Mais pour Watches and Wonders Geneva, le salon virtuel qui accueille 38 marques et qui démarre le 7 avril, il sera assis dans la maison d’un ami, regardant chaque entreprise dévoiler ses dernières montres sur un écran d’ordinateur.

M. Schiffman a déclaré qu’il lui manquerait d’avoir de nouvelles montres entre ses mains et de socialiser avec ses collègues en personne.
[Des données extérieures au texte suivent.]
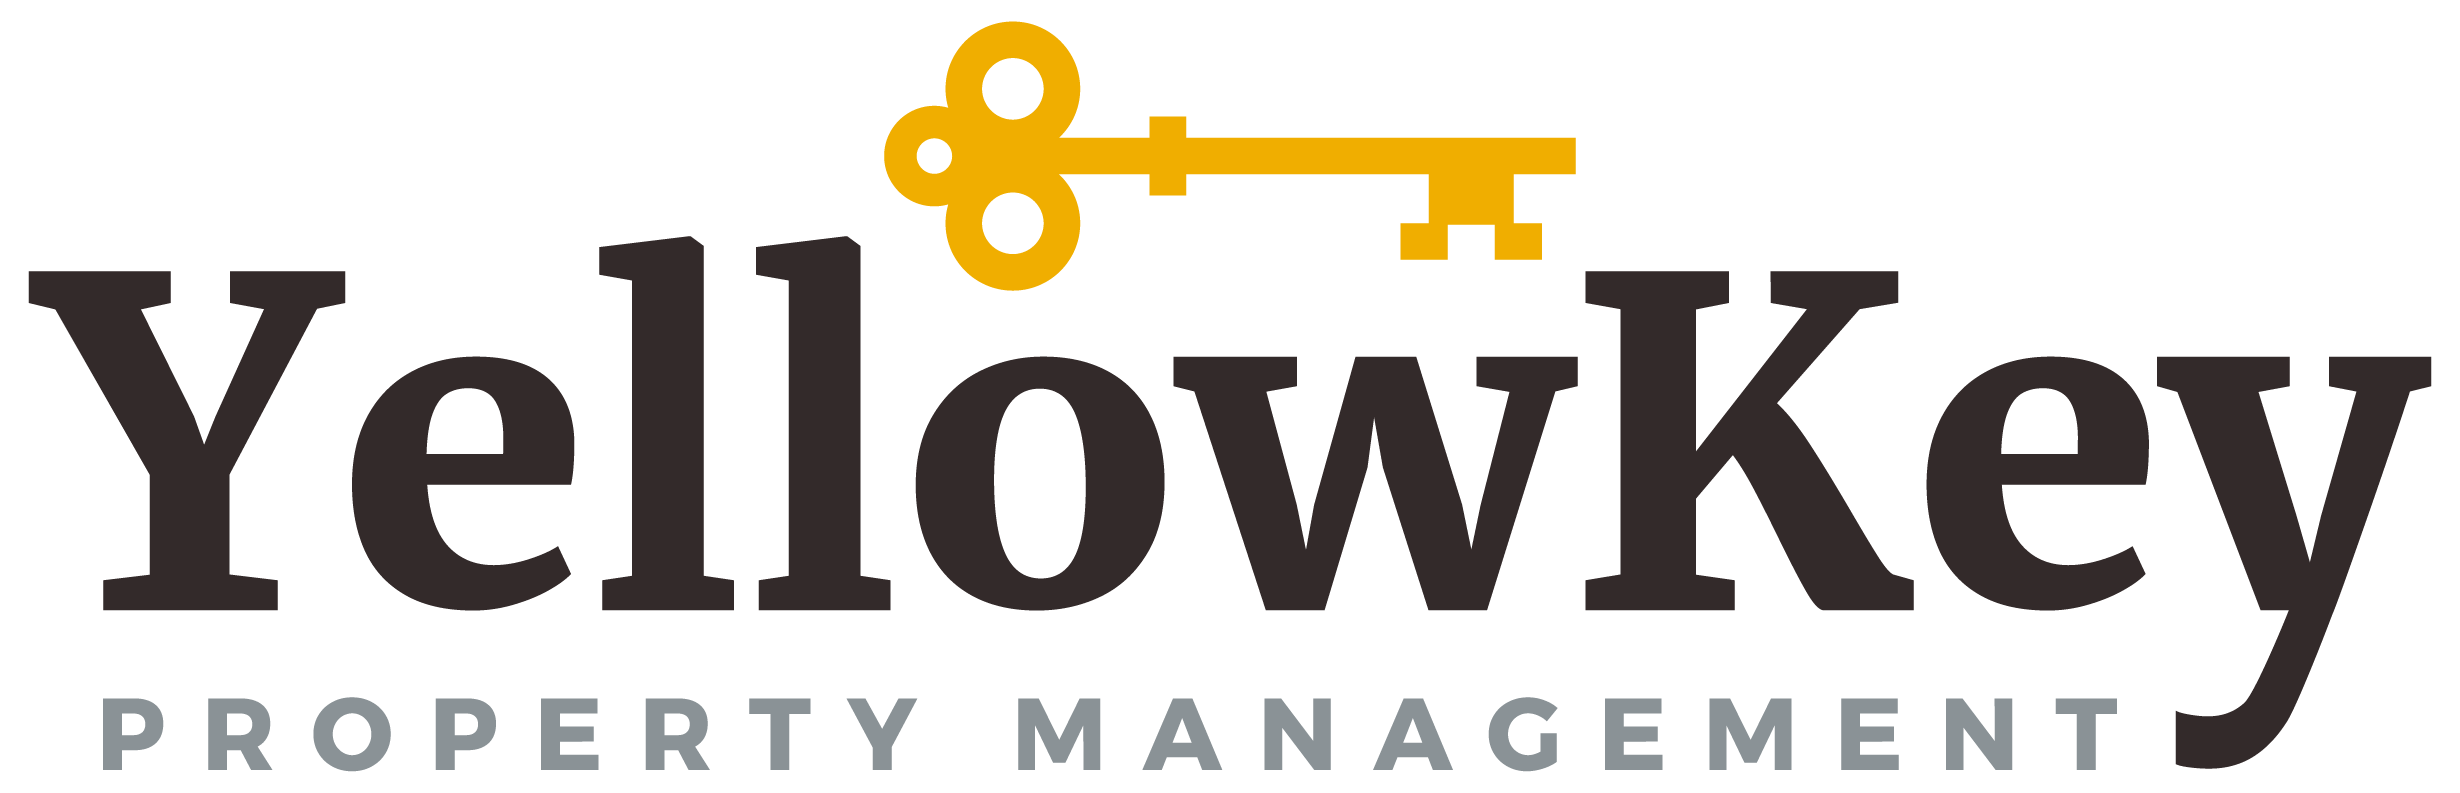 Yellow Key Property Management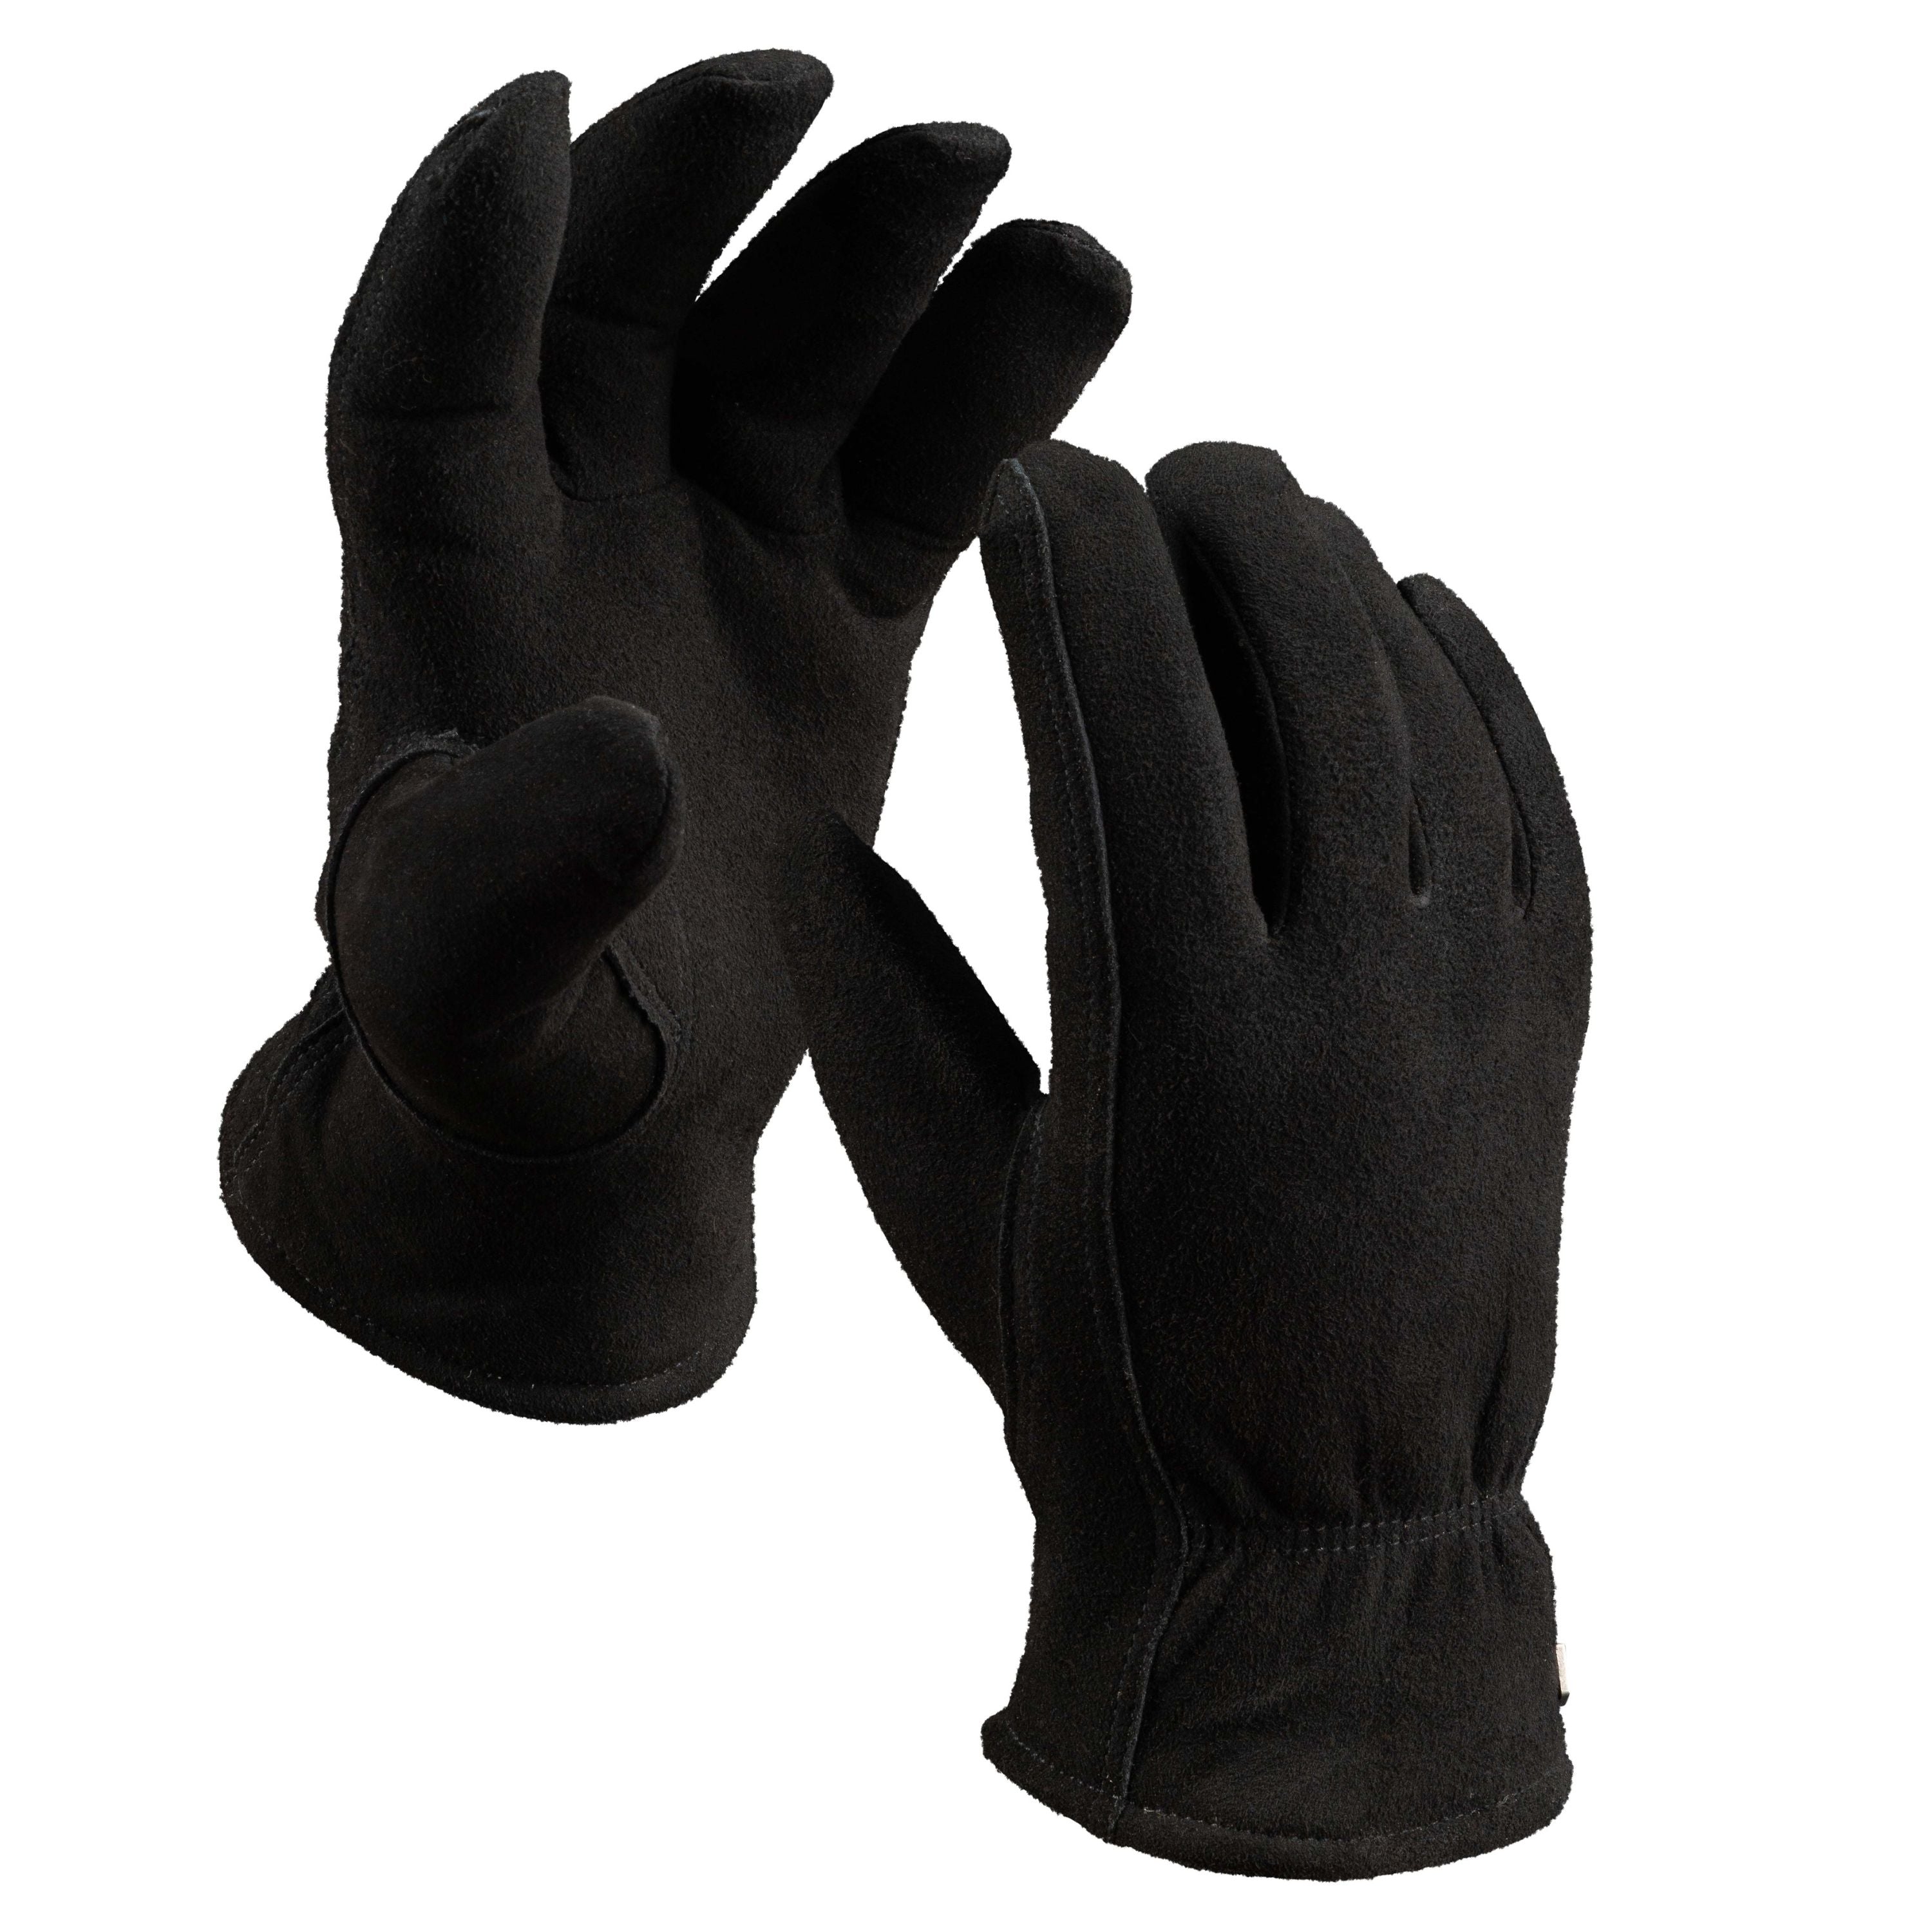 "Chamonix II" Leather city gloves - Men’s

Il est cependant réaliste quant aux limites actuelles des rassemblements physiques. «Ce n’est pas quelque chose que nous pouvons faire, donc le plan B est la meilleure chose à faire, et le plan B est de faire les choses virtuellement», a-t-il déclaré.

Certes, les présentations en ligne de cette année ont répondu à un besoin inspiré d’une pandémie, mais qu’arrive-t-il aux foires lorsque les restrictions sur les grands rassemblements et les voyages sont levées?

Et, peut-être encore plus important pour la majorité des fans de montres, les marques reviendront-elles à leurs modèles traditionnels, contournant largement les canaux en ligne accessibles au plus grand nombre en faveur d’échanges en personne avec quelques-uns?

De nombreux initiés de l’industrie horlogère voient les mérites des foires physiques, historiquement organisées chaque année à Bâle et à Genève. «Cela donne beaucoup plus de force que toutes les marques parlent à la fois», a déclaré Frédéric Arnault, directeur général de TAG Heuer. «Cela nous aide tous à créer cette mystique autour non seulement de telle ou telle marque, mais de toutes les marques horlogères.»

Mais les foires virtuelles ont aussi leurs partisans. « Il y a quelque chose à propos du simple fait de pouvoir, je déteste le dire, de m’asseoir en sous-vêtements et de ne pas quitter votre maison pour regarder l’émission », a déclaré Adam Craniotes, rédacteur en chef du magazine horloger Revolution et co-fondateur du RedBar Group, une organisation de collectionneurs.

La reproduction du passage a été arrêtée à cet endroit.